* **What the task asks**
Since the records include pictures, leave those out while you reproduce exactly and only the lines from the one containing "clipart dried fish - photo #3" through the one containing "Reebok Fitness Leather Boxing Glove,16 Oz", inclusive.

* **Provided data**
-- Opening Marker --

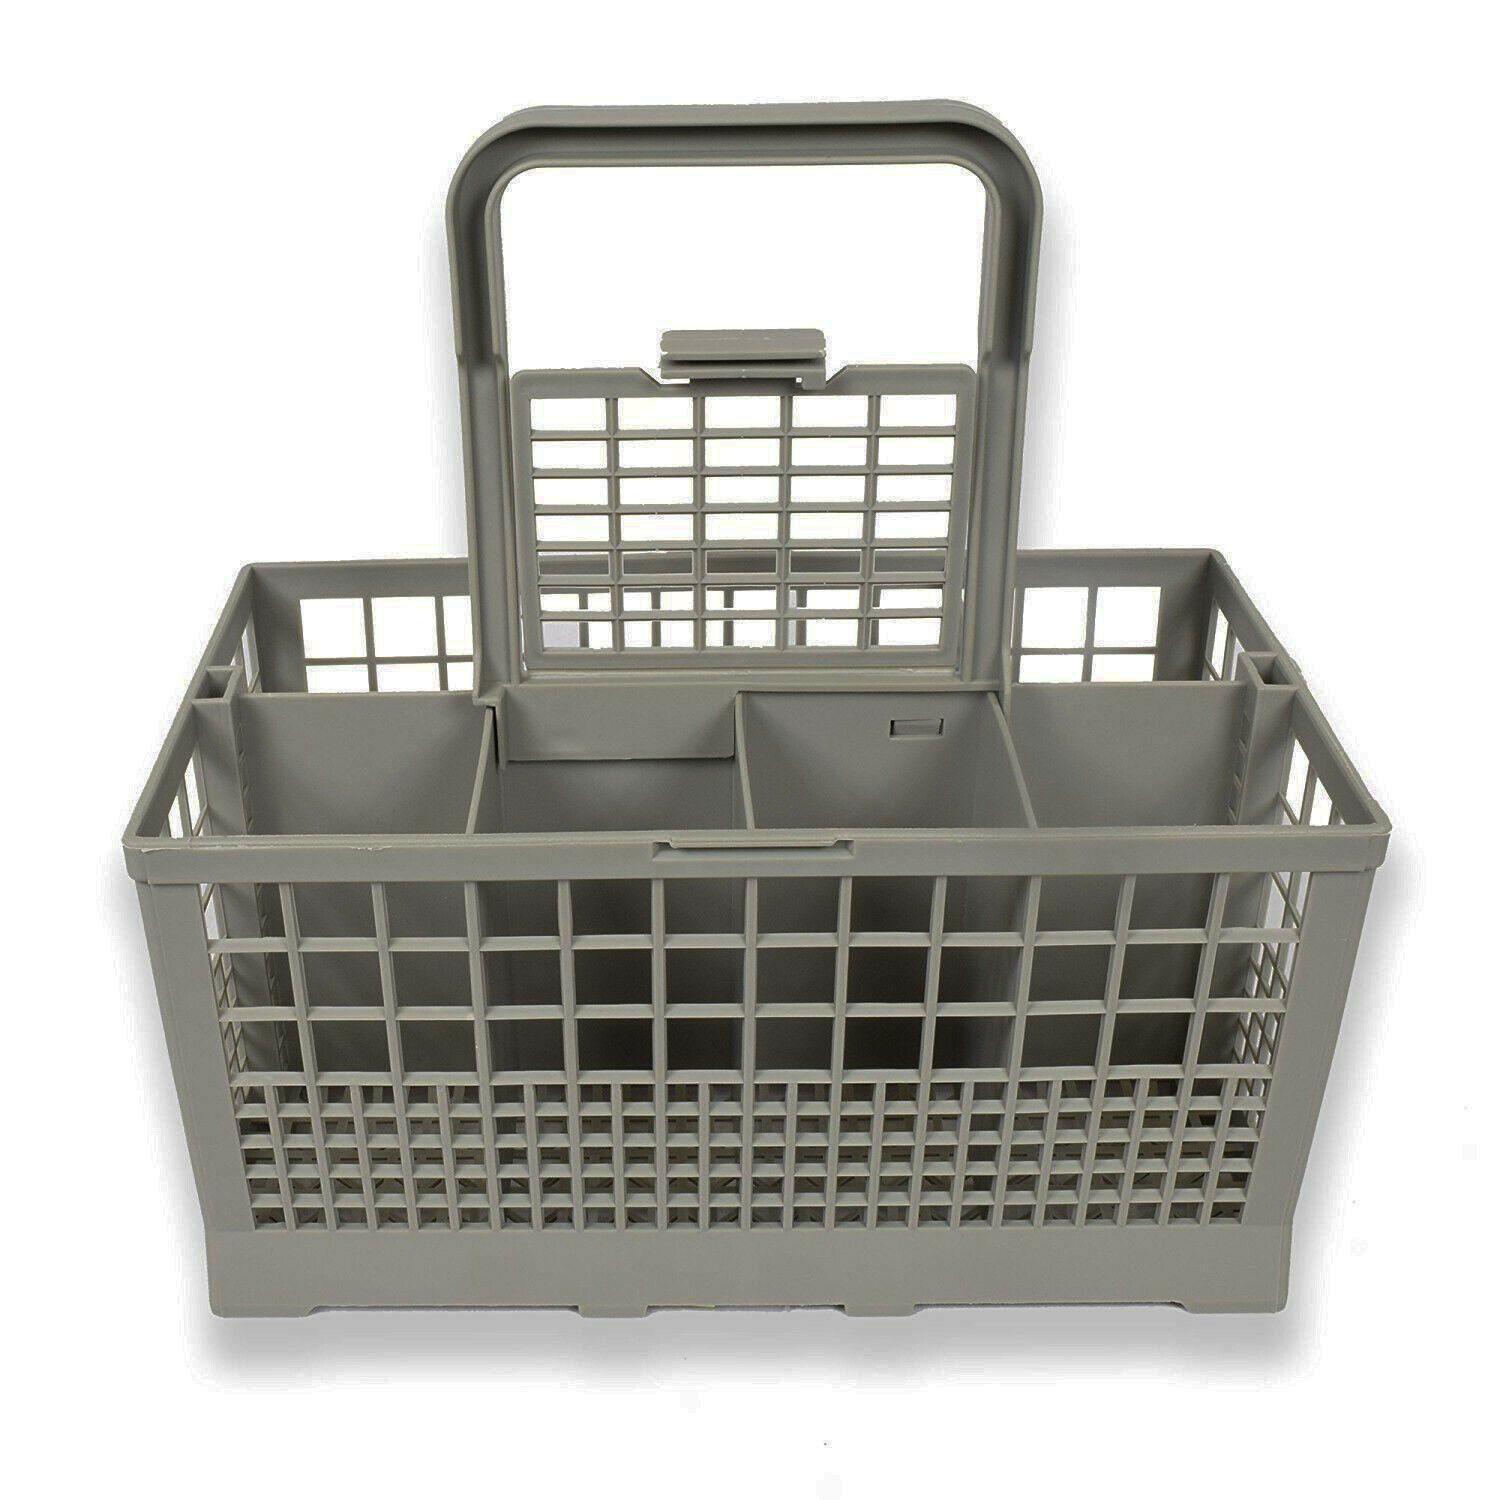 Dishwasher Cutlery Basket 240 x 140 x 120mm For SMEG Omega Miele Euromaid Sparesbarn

-- Closing Marker --
-- Opening Marker --

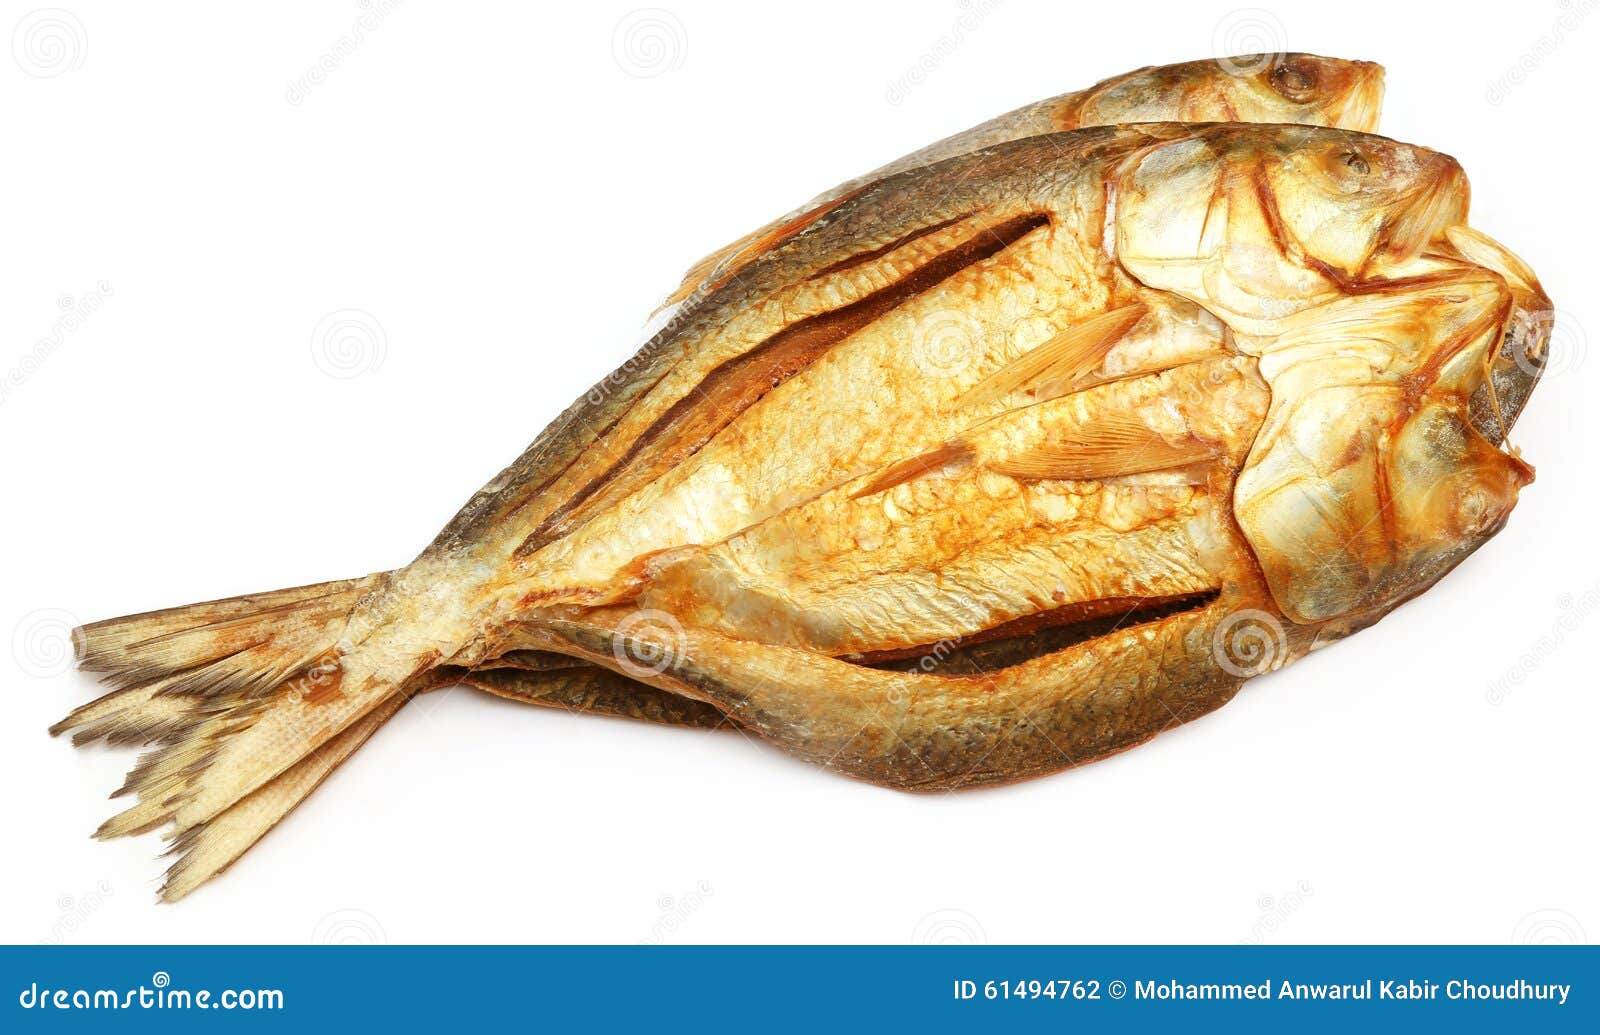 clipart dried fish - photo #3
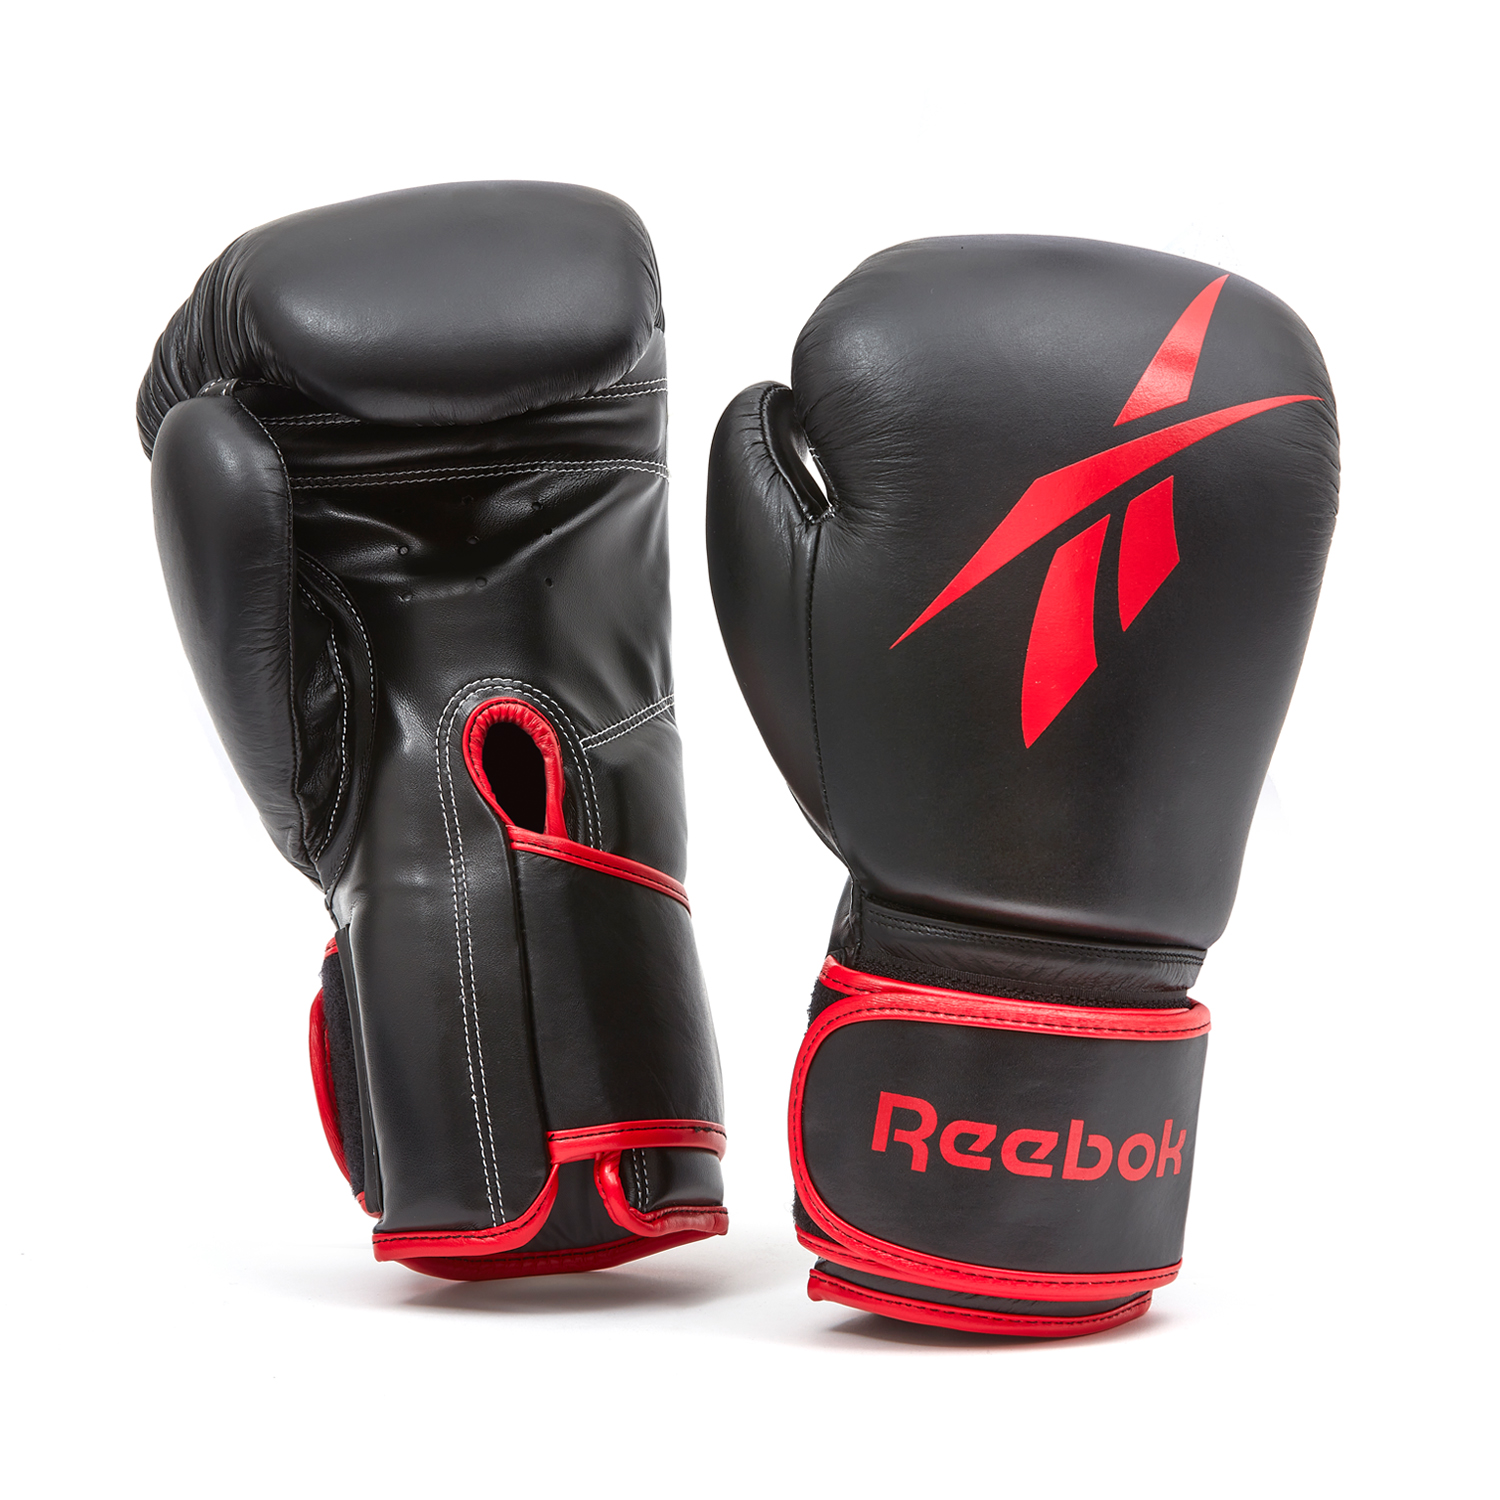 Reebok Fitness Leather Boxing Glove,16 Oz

-- Closing Marker --
-- Opening Marker --

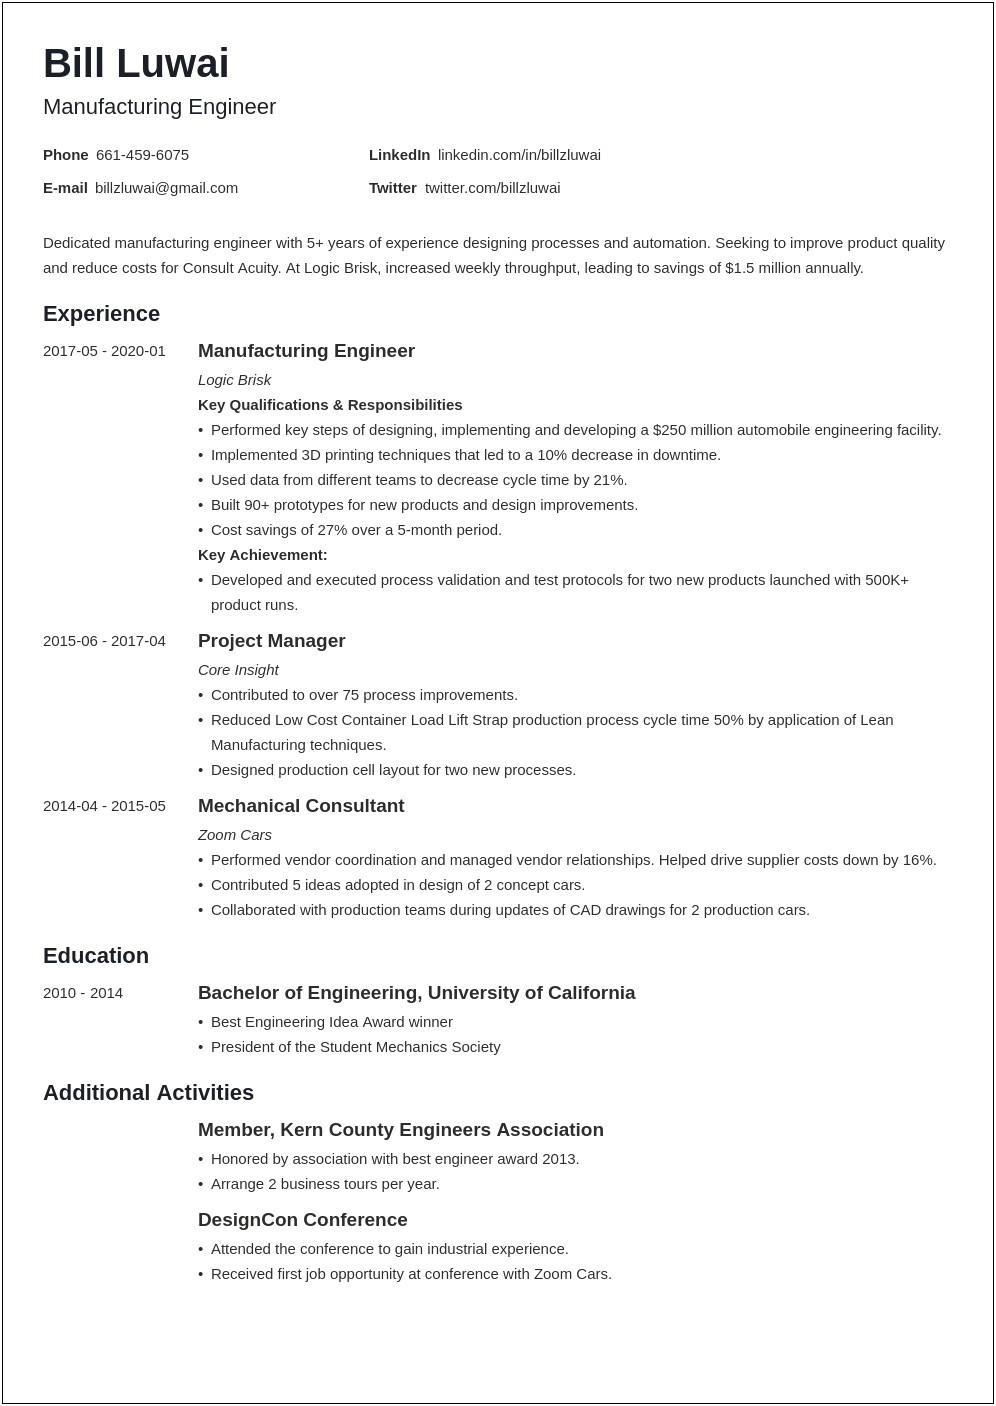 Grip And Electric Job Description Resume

-- Closing Marker --

* **Exercise output**
 clipart dried fish - photo #3
 Reebok Fitness Leather Boxing Glove,16 Oz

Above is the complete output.